We have so many points in common that it is like looking at myself in a cracked mirror.

I have been looking over my manuscripts, pages scrawled with revisions. Pages of literature. This frightens me a little. It is so much like Moldorf. Only I am a Gentile, and Gentiles have a different way of suffering. They suffer without neuroses and, as Sylvester, says a man who has never been afflicted with a neurosis does not know the meaning of suffering.

I recall distinctly how I enjoyed my suffering. It was like taking a cub to bed with you. Once in a while he clawed you – and then you really were frightened. Ordinarily you had no fear – you could always turn him loose, or chop his head off.

There are people who cannot resist the desire to get into a cage with wild beasts and be mangled. They go in even without revolver or whip. Fear makes them fearless… For the Jew the world is a cage filled with wild beasts. The door is locked and he is there without whip or revolver. His courage is so great that he does not even smell the dung in the corner. The spectators applaud but he does not hear. The drama, he thinks, is going on inside the cage. The cage, he thinks, is the world. Standing there alone and helpless, the door locked, he finds that the lions do not understand his language. Not one lion has ever heard of Spinoza. Spinoza? Why they can't even get their teeth into him. "Give us meat!" they roar, while he stands there petrified, his ideas frozen, his Weltanschauung a trapeze out of reach. A single blow of the lion's paw and his cosmogony is smashed.

The lions, too, are disappointed. They expected blood, bones, gristle, sinews. They chew and chew, but the words are chide and chicle is indigestible. Chicle is a base over which you sprinkle sugar, pepsin, thyme, licorice. Chicle, when it is gathered by chicleros, is O.K. The chicleros came over on the ridge of a sunken continent. They brought with them an algebraic language. In the Arizona desert they met the Mongols of the North, glazed like eggplants. Time shortly after the earth had taken its gyroscopic lean – when the Gulf Stream was parting ways with the Japanese current. In the heart of the soil they found tufa rock. They embroidered the very bowels of the earth with their language. They ate one another's entrails and the forest closed in on them, on their bones and skulls, on their lace tufa. Their language was lost. Here and there one still finds the remnants of a menagerie, a brain plate covered with figures.

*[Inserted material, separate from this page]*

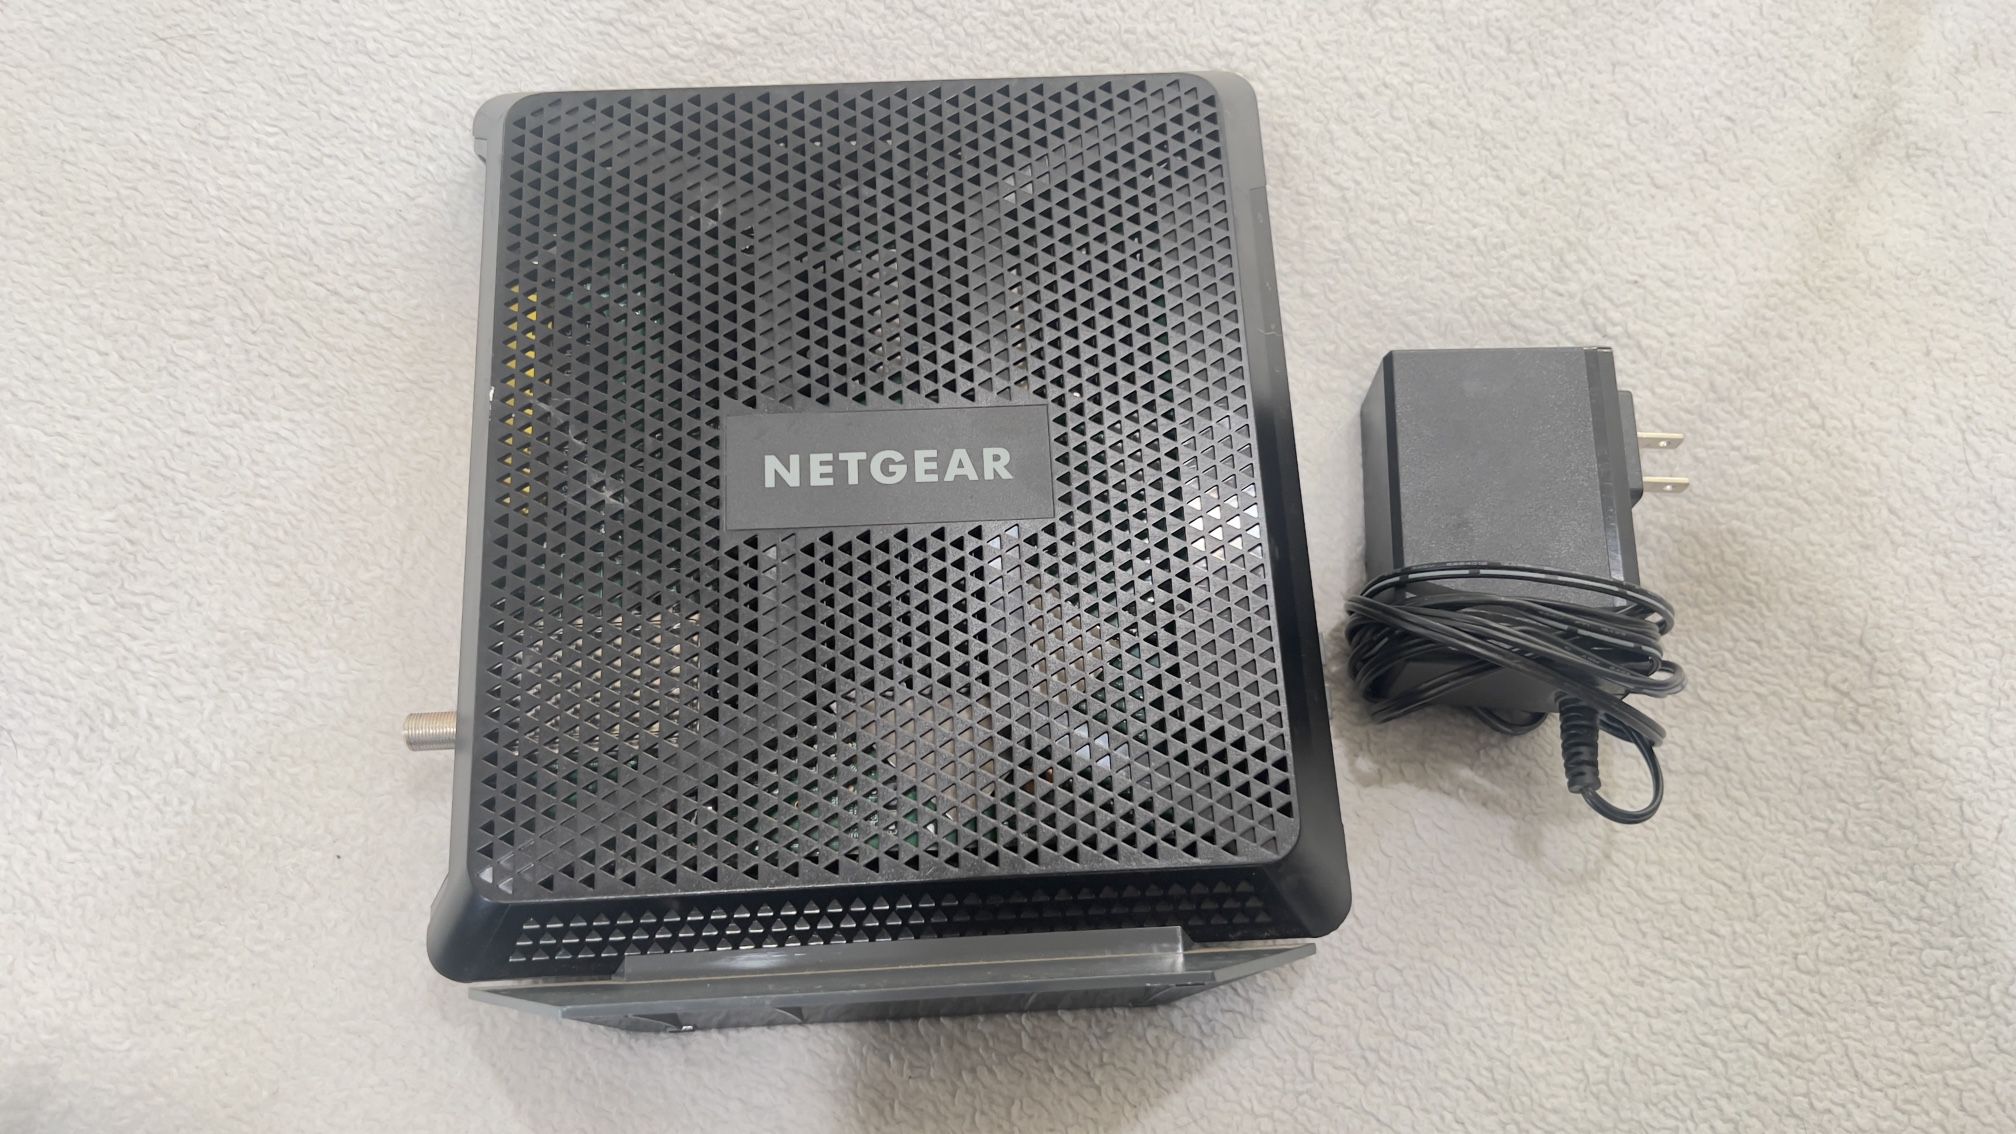 Netgear 85 Router Nighthawk Pre-Owned C7000v2 WiFi Cable Modem AC1900

What has all this to do with you, Moldorf? The word in your mouth is anarchy. Say it, Moldorf, I am waiting for it. Nobody knows, when we shake hands, the rivers that pour through our sweat. Whilst you are framing your words, your lips half parted, the saliva gurgling in your cheeks, I have jumped halfway across Asia. Were I to take your cane, mediocre as it is, and poke a little hole in your side, I could collect enough material to fill the British Museum. We stand on five minutes and devour centuries. You are the sieve through which my anarchy strains, resolves itself into words. Behind the word is chaos. Each word a stripe, a bar, but there are not and never will be enough bars to make the mesh.